In the world of oil and gas equipment manufacturing, where long product lifecycles, conservative procurement cycles, and intense competition often spell slow change; genuine corporate turnarounds are rare. Yet one such story is unfolding quietly in Asia. A once-struggling business unit, written off by its Japanese parent, has reinvented itself into a growth-driven, globally connected manufacturer, and is now actively traded on Nasdaq, with undemanding valuation.
Beyond the numbers, OMS’s story is a case study in modern industrial entrepreneurship, one that mirrors the journeys of technology leaders such as Broadcom’s Tan E Hock and even Intel’s Pat Gelsinger. From a small-town engineer in Batu Pahat to the helm of a company supplying the world’s largest oil producers, Meng Hock embodies a new wave of leadership in Asia’s industrial sector: grounded, determined, and globally ambitious.
Post listing, the company also enters the next phase of its journey with a strong balance sheet, holding US$75.8 million in cash and trading at roughly 3x earnings with net profit of US$47.0 million in FYE2025, a valuation that underscores its turnaround potential and provides a significant margin of safety for investors.
This is the story of OMS Energy Technologies Inc. (NASDAQ: OMSE), a company that in 2020 was loss-making and directionless, however was listed in May 2025 with a valuation many times what its management paid to buy it out; all thanks to a bold entrepreneurial bet and a business rebuilt from the ground up.
Just five years ago, OMS’s future was deeply uncertain. As a subsidiary under Japan’s Sumitomo, the company had struggled for years with structural inefficiencies, weakening margins, and shrinking order books. Revenue in 2020 stood at only US$56 million, and profitability was elusive. Closure loomed and with it, the livelihoods of over 600 employees.
For one insider, however, walking away was not an option. Meng Hock How, who had risen through the ranks inside OMS, believed the company still had a future, but only if it were freed from corporate bureaucracy and rebuilt with entrepreneurial urgency.
In June 2023, he and a small team of partners took a risk few would attempt: they acquired 100% of OMS from Sumitomo for US$2 million, a price that reflected the company’s uncertain outlook but also its latent potential. The deal wasn’t motivated by profit alone; its first objective was survival. “This was about saving jobs and saving an ecosystem,” Meng Hock later said. “We believed the company could be more, but we had to move fast.”
Freed from its former corporate constraints, OMS embarked on a rapid restructuring, streamlining operations, investing in new manufacturing capabilities, and sharpening its focus on the technologies that matter most to exploration and production (E&P) clients.

Today, OMS specialises in surface wellhead systems (SWS) and oil country tubular goods (OCTG), two of the most critical components in upstream oil and gas development. These are not commodity products; they are engineered to perform under extreme conditions, meeting stringent standards for temperature, pressure, corrosion, torque resistance, and abrasion.
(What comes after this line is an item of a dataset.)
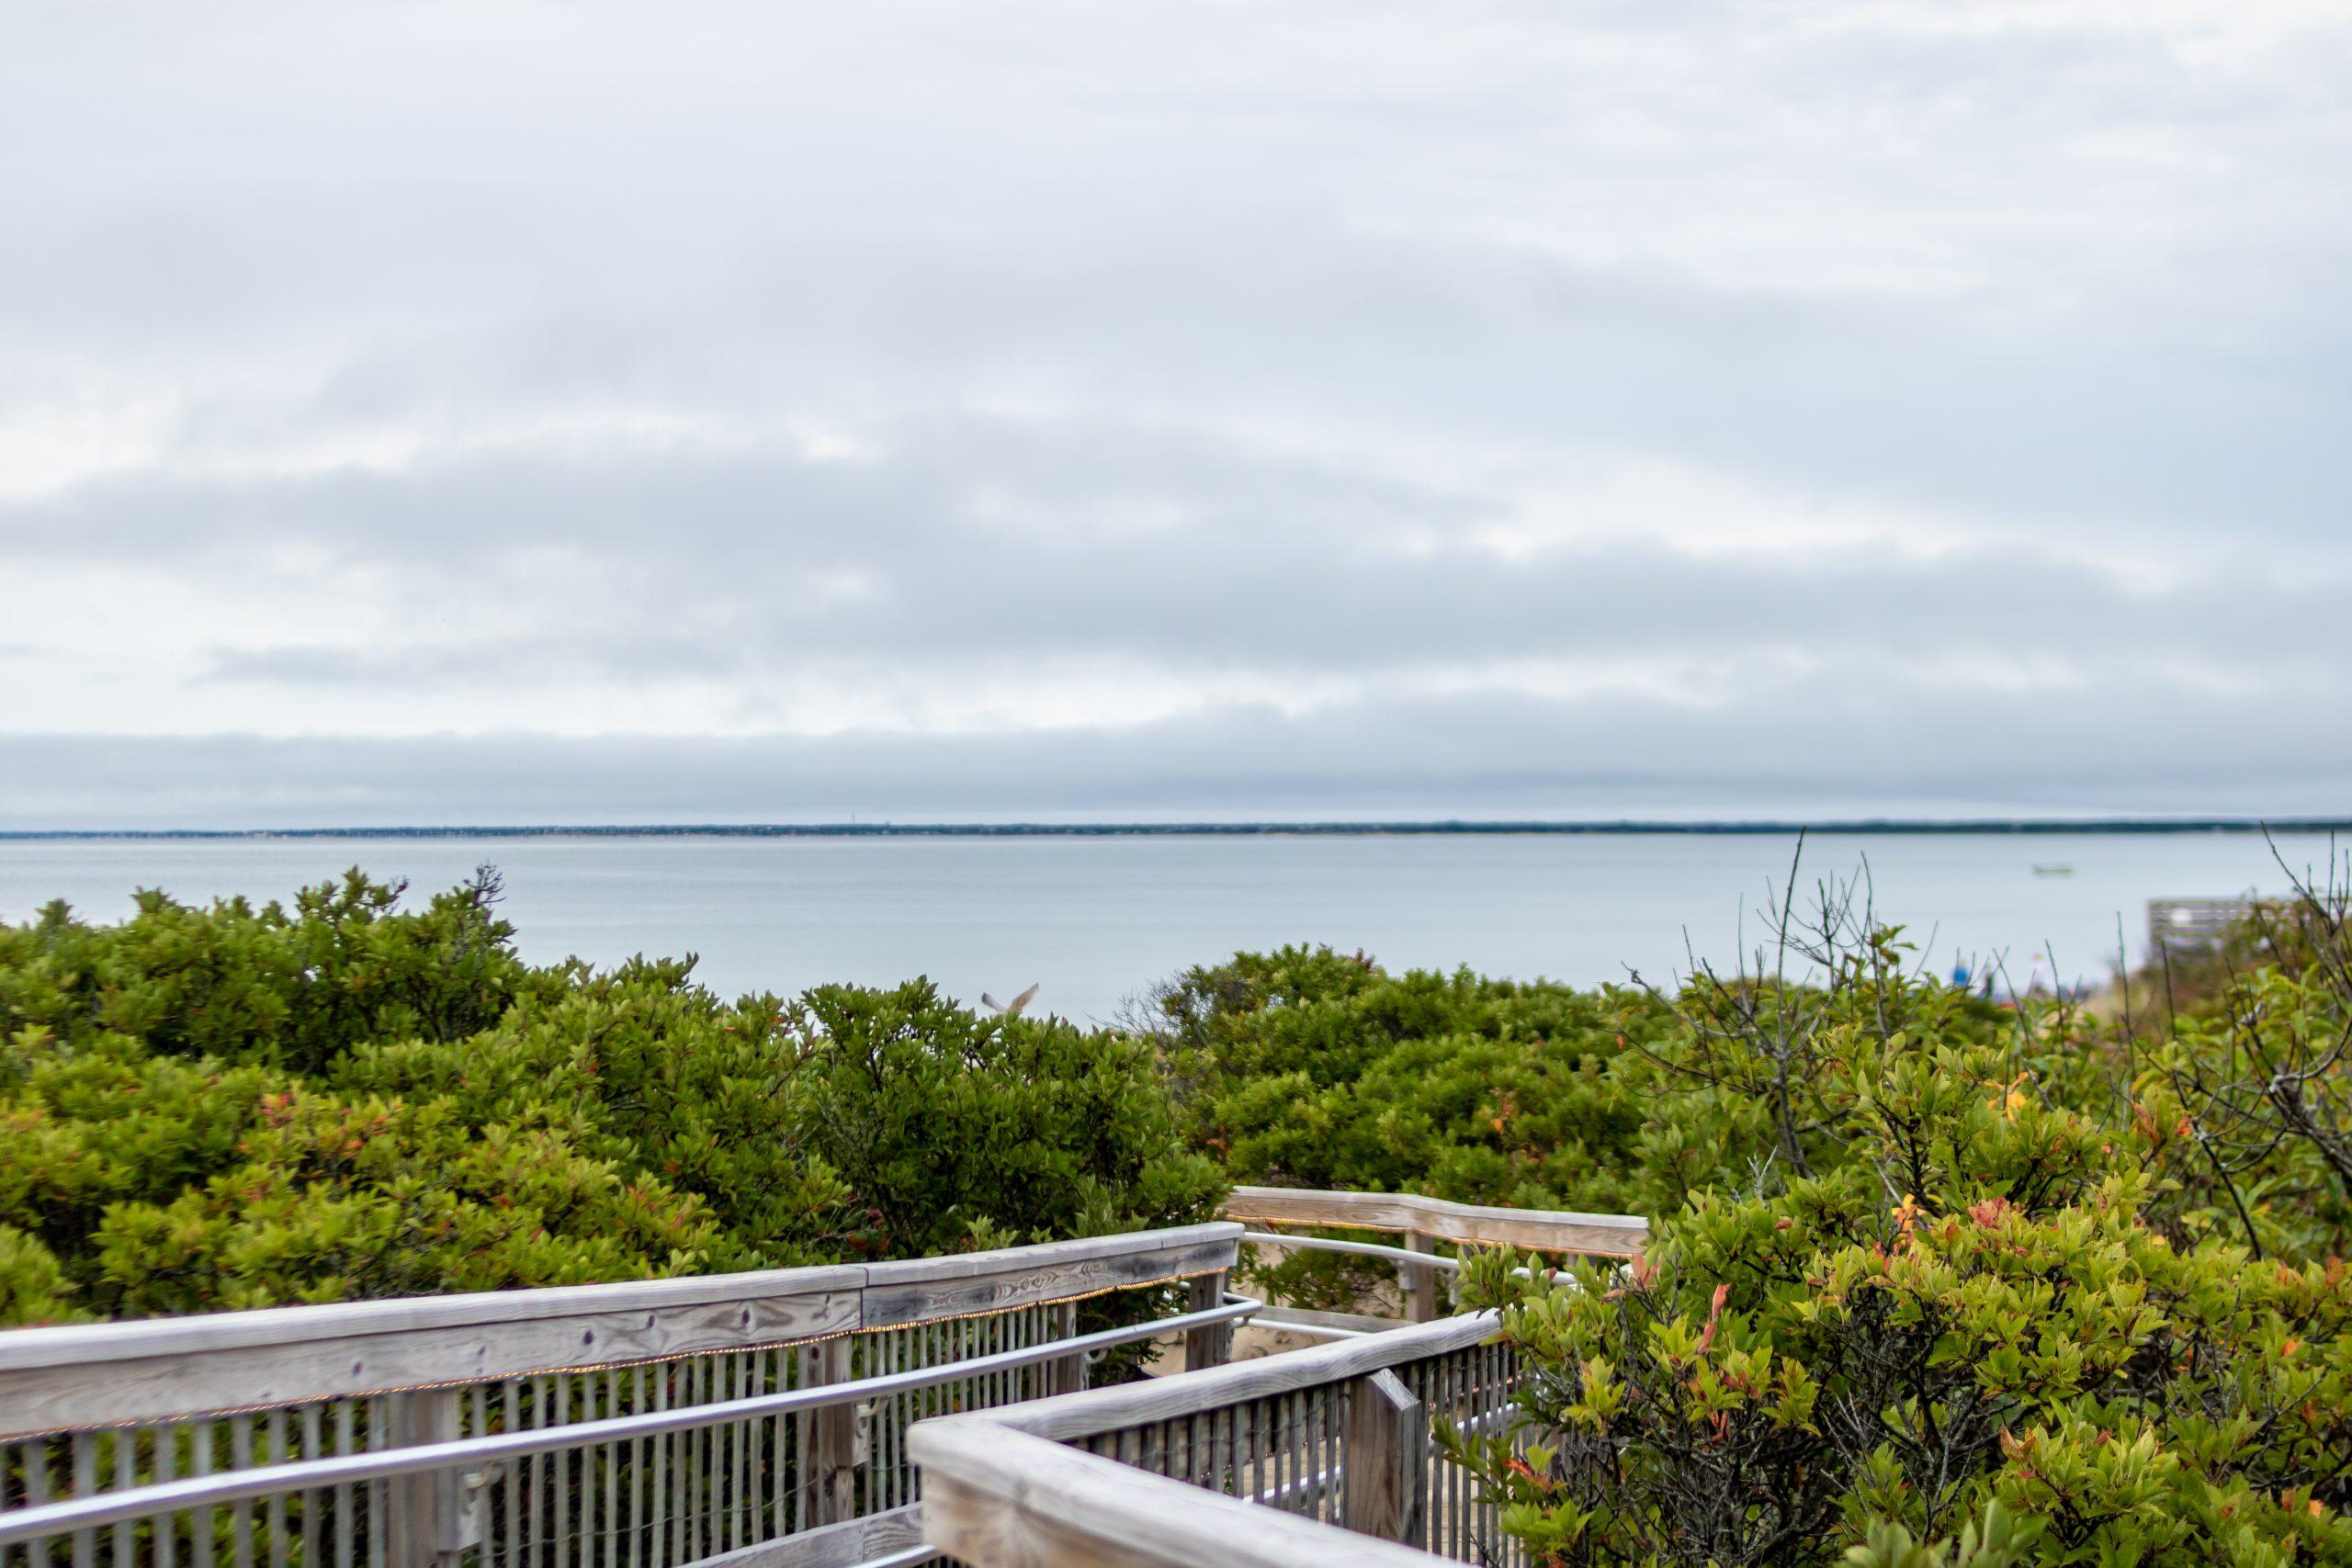 Ocean Edge Resort boardwalk to the beach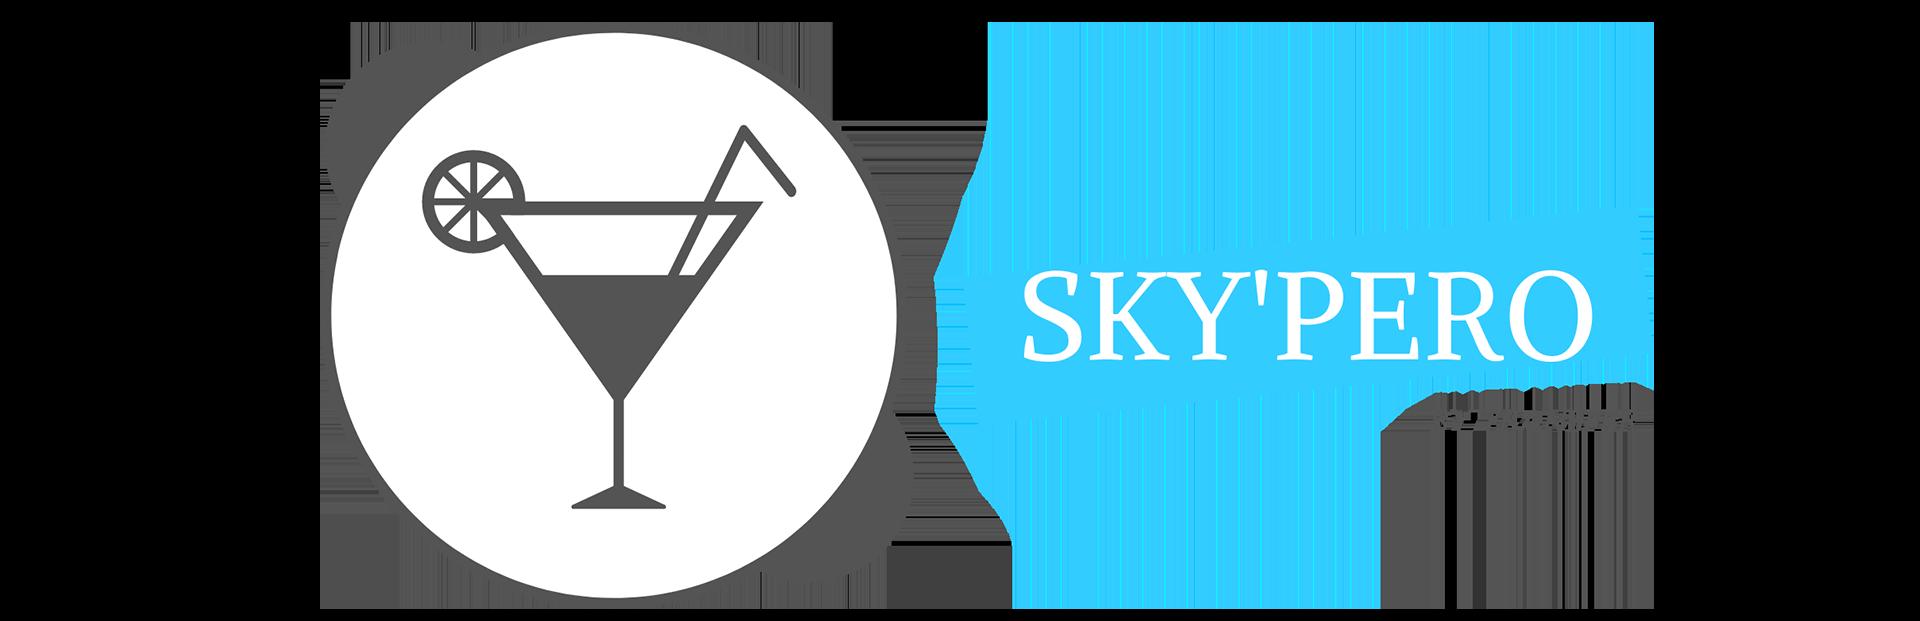 Sky'pero Transfer logo

Certified by both the American Petroleum Institute (API) and the International Organization for Standardization (ISO), OMS’s solutions are designed to serve E&P operators where reliability cannot be compromised.
Its offerings include large-diameter weld-on specialty connectors used in offshore rigs, jack-up platforms, and ultra-deepwater operations, as well as fully qualified surface wellhead and “Christmas tree” systems built to API 6A standards. These systems control the flow of oil and gas from wellheads, ensure safe pressure management, and enable long-term field operations, all critical for upstream production efficiency and safety.
OMS’s strategy extends far beyond product engineering. In a sector where logistics, local compliance, and rapid technical support often decide contracts, the company’s geographical presence has become a key differentiator.

With facilities across Saudi Arabia, Indonesia, Thailand, Malaysia, Brunei, and Singapore, OMS operates close to its customers’ core assets. This localisation approach enables the company to tailor solutions, accelerate delivery, and maintain close technical collaboration with clients such as Saudi Aramco, Shell, Chevron, Petronas, Schlumberger, Halliburton, and TechnipFMC.
The result is a powerful commercial advantage: OMS is not merely a supplier, but a strategic partner embedded within the operational ecosystems of some of the world’s most demanding oil and gas producers. Beyond Asia and the Middle East, its products are also exported to North and West Africa, extending its reach into key hydrocarbon markets.
In May 2025, less than 23 months after the management buyout, OMS successfully listed on Nasdaq with a price of US$9 per share. The listing is not simply a financial milestone; it is a strategic pivot designed to strengthen the company’s balance sheet, secure corporate guarantees for larger projects, and accelerate its expansion across the Middle East and Africa.
The timing is significant. Global upstream investment is on the rise as energy security concerns drive new drilling activity in both mature and frontier markets. OMS’s proven track record, proximity to customers, and expanding portfolio position it well to capture this growth.